REVIEW: Disc one, "In The Beginning" showcases some Gary Usher work featuring crack session players laying down tracks, starting with the melodic, propulsive "One Way Road To Love" with a cornball lead singer, and featuring the Beach Boys on backing vocals.  Next comes several takes of songs which were rumored to appear on Varese Sarabande's Surfin' CD, but missed the cut: the first, "The Beginning of the End" features Brian on lead vocal, with his sweet, swooping vocal showing off his surprising falsetto leaps, and his unique sensitive quality which he uses to better effect on his own songs.  Next comes "Visions" - a loping, western-style song which pairs Brian's soaring falsetto with some female backup singers to odd effect.  "My Only Alibi" has Brian again providing backup vocals to this stale, overheated 50s-type ballad.  Gershwin's "Summertime" is next, in a a bluesy-take which has no discernible Beach Boys involvement.  Next comes "Mother May" is next which has Brian delivering a powerhouse verse, but the song is undercut by the strange, screaming chorus, which sounds like a joke.  Tack-piano starts off "The Big Beat" which has smooth Beach Boys
harmonies behind what turned out to be an early version of "Do You Remember".  Brian has the lead on "Marie" a great bluesy stomper which deserves official release.  Also strong is the raucous "Funny Boy" which is a change of pace for The Honeys.  Next comes the Wilson/Norberg/Kocher penned "Runaway With You" with more backing vocals by The Honeys.  Brian counts down the "Unknown Instrumental" which has zig-zagging guitar/sax lines and a hard rocking tempo.  The disc closes out with several Beach Boys-specific tracks, with several short instrumental flubs of "In My Room", "Hawaii", "Your Summer Dream", "Good Humor Man" (AKA "Rocking Surfer" and "Rabbit's Foot" (AKA "Our Car Club") and a vocal overdub session for "The Surfer Moon." The disc closes out with some vocal tracking sessions for "Little Saint Nick" from October 20, 1963 with heavily echoed vocals giving the song a Spector-ish sound, all while the Beach Boys are fighting a bad case of the giggles.

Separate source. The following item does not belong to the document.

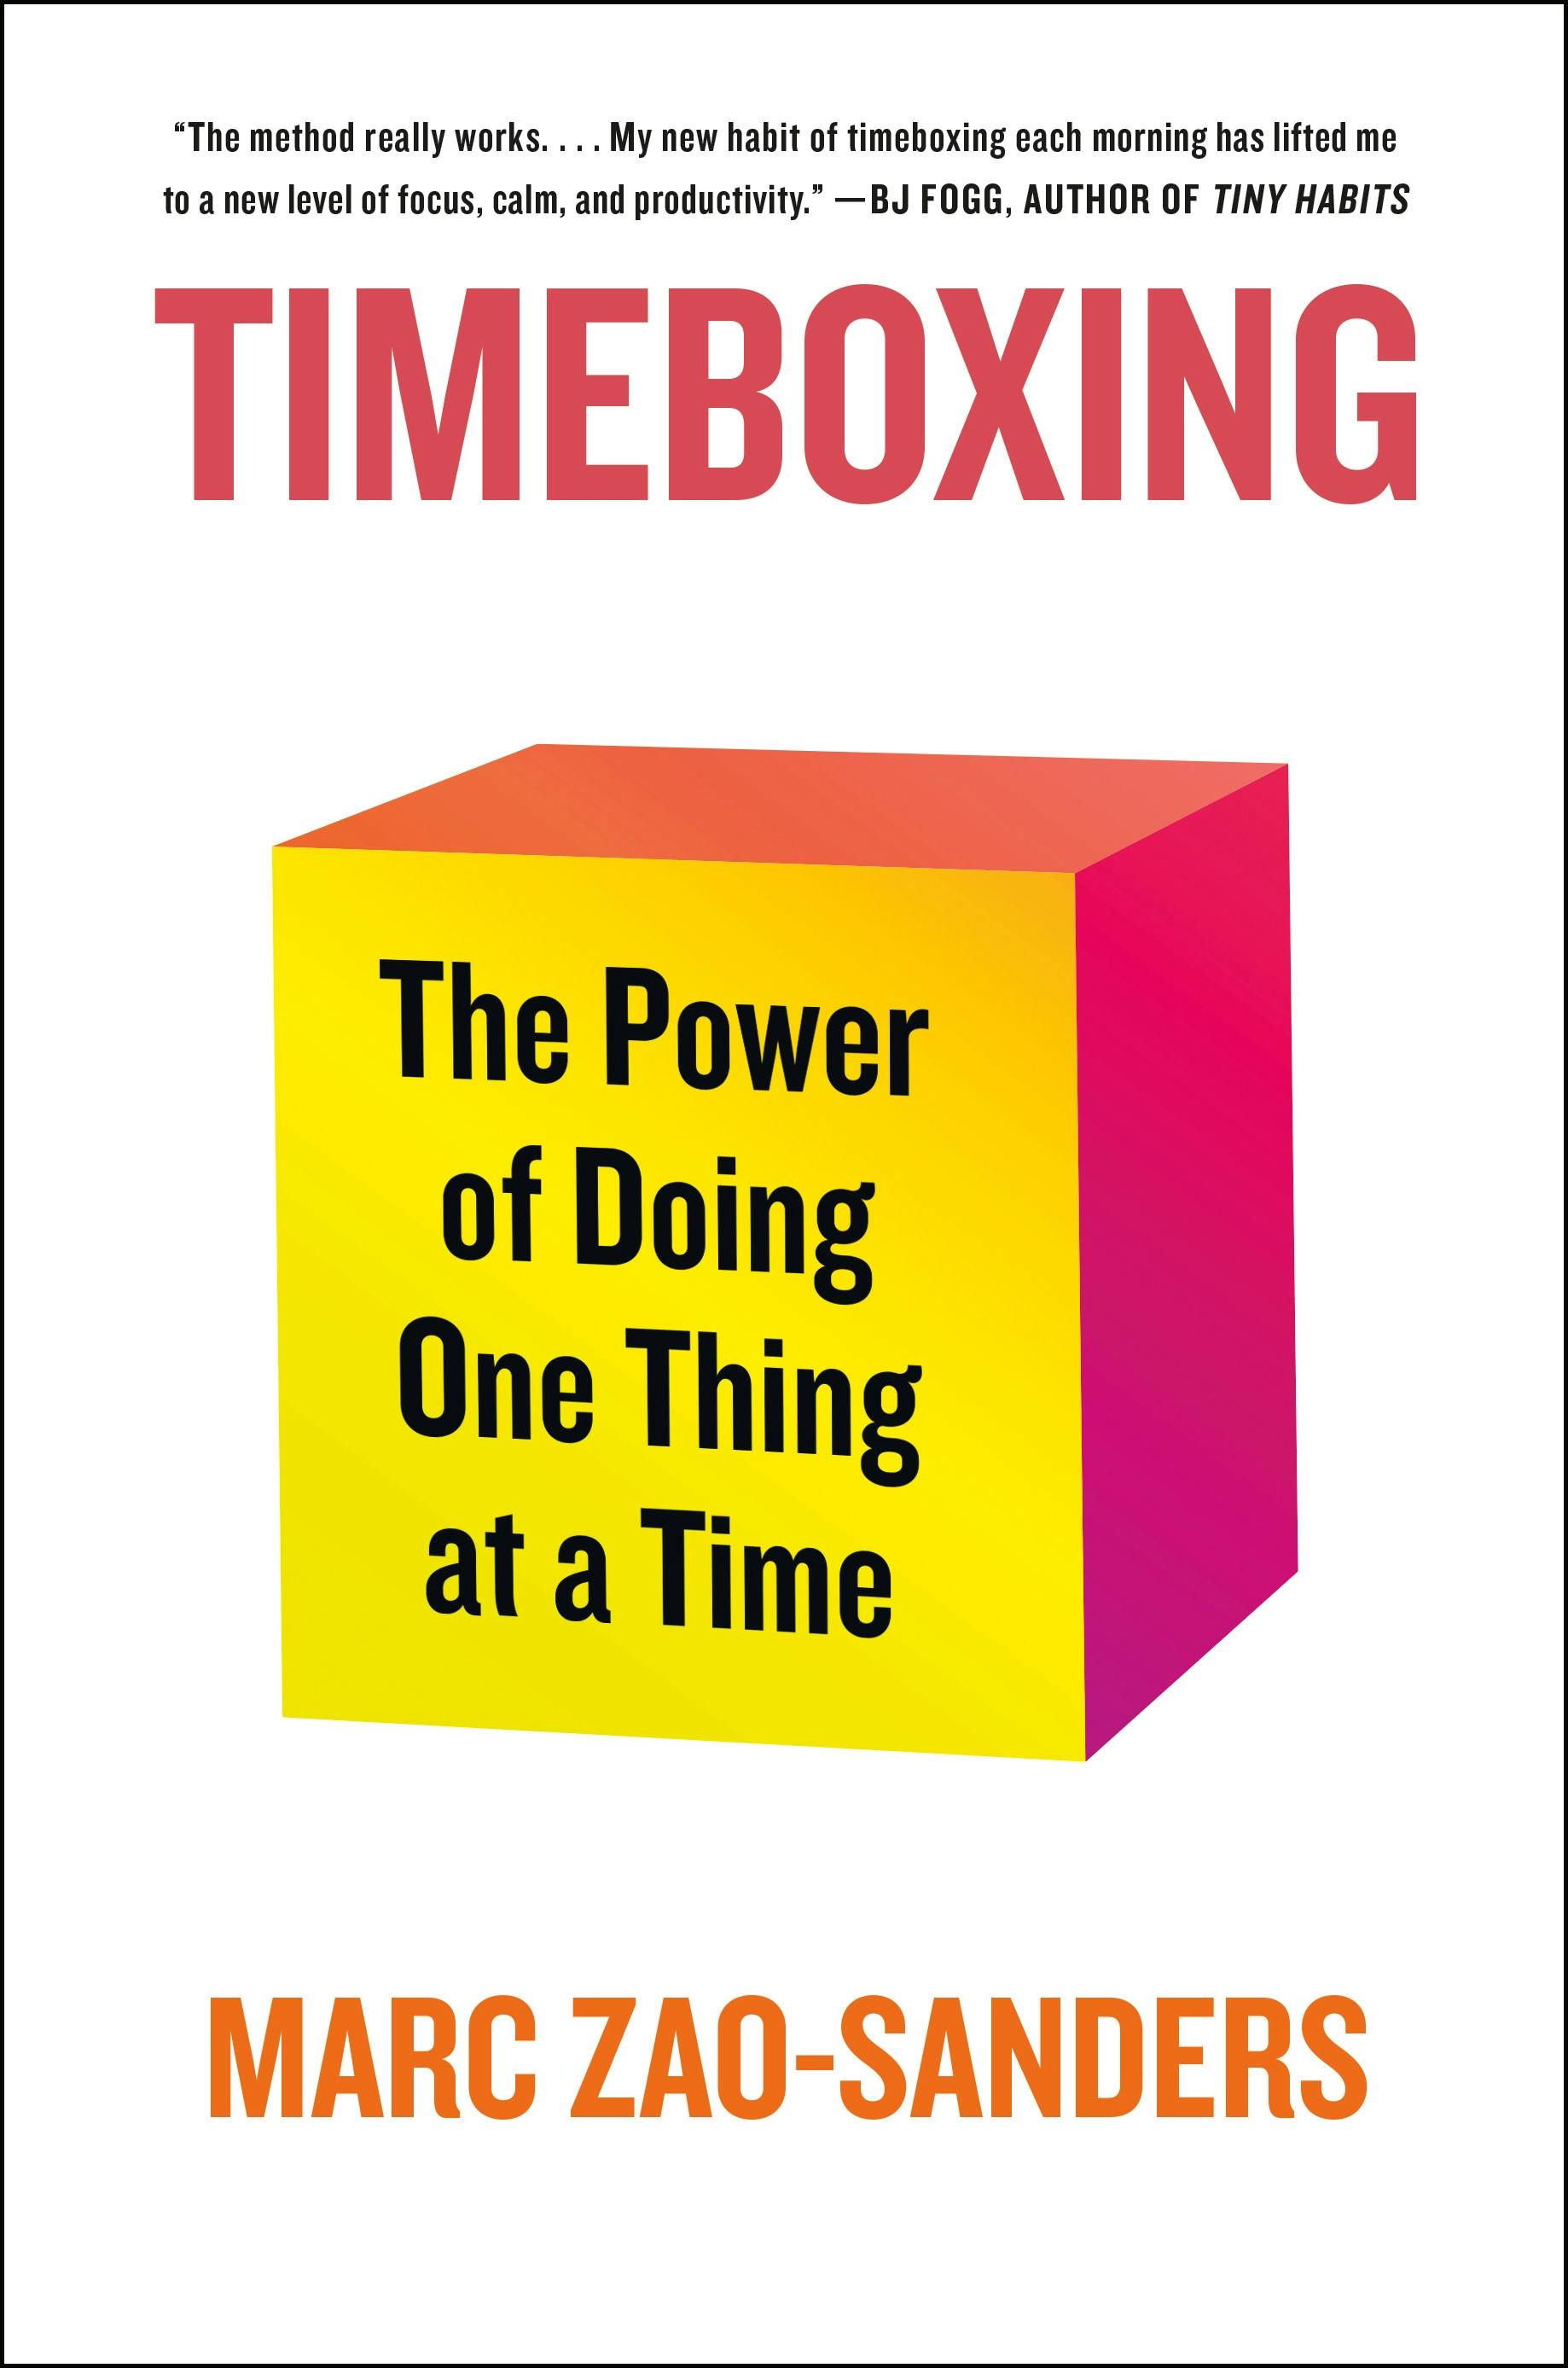 Describes for Timeboxing by authors

Disc two, "The Garage Tapes" starts off with perhaps the very earliest recordings which the as yet unnamed "Beach Boys ever made.  It starts out with the band tackling their first written song, "Surfin'" and shows much of the complex dynamic which would define them throughout their career.  Brian's instinctive producer's touch already is in place, with him cajoling the band into better work; Mike condescending tone, layered with a patina of authority and sarcasm rears its head; and Carl and Al concerned mostly with their notes, and when Dennis finally makes an appearance on tape, it's to be reprimanded by Brian for goofing off.  The accapella rehearsals are succeeded by instrumental accompaniment, where Brian and Mike threatening to kick Dennis out of the band for his "hiccups" and his lackadaisical attitude.  Next comes an unreleased song: "Bermuda Shorts" which has a corner doo-wop sound built upon a cascading harmonic opening tag which carries the almost rap-like spoken verse.  It's a ragged, tossed-off rehearsal which indicates that the song didn't catch the imagination of the band, and was quickly discarded.  Brian and Mike bring in a couple of girls to tackle a first-ever take on "Sloop John B" which shows the band attempting
to create on-the-fly harmonies to the girl's lead, which segues into a gospel standard "Good News". It's apparent that several friends have gotten together to experiment with Brian's recording equipment, and an impromptu "Hully Gully" breaks down several times due to Brian still working out the piano chords.  Next comes an alternate take on "Happy Birthday Dear Freshman", and then a duet of "Dream" between Mike and one of the girls.  Next comes several short spoken clips featuring Carl, Brian and Mike, who commandeers the microphone and insults both Carl and Dennis. The tape devolves into short snippets of various musical and spoken bits, including a phone conversation between Murray Wilson and some woman about a car accident, Brian figuring out vocal parts on the piano and with Mike, an incomprehensible five-minute-long discussion between Brian and the girls trying to decide which song to sing, and goofing off, another nearly interminable recording of "Spanish Practice" between Brian and a school friend, a short snippet of Brian's book report (not exactly valedictorian material) and a clip of Brian playing an organ with Murray duetting at the piano.

All This Is That
Sea Of Tunes C 0761 [CD]; Released June, 2007

All this is that

CD Features Include:

  • Contains rarities from the years 1967-1980.
  • Contains vocals only, backing tracks, and alternate mixes.
  • Unreleased tracks include: "Won't You Tell Me", "It's A New Day", "Hard Time," "Short Skirts", "It's Like Heaven", "Our Love," Running Bear", and more.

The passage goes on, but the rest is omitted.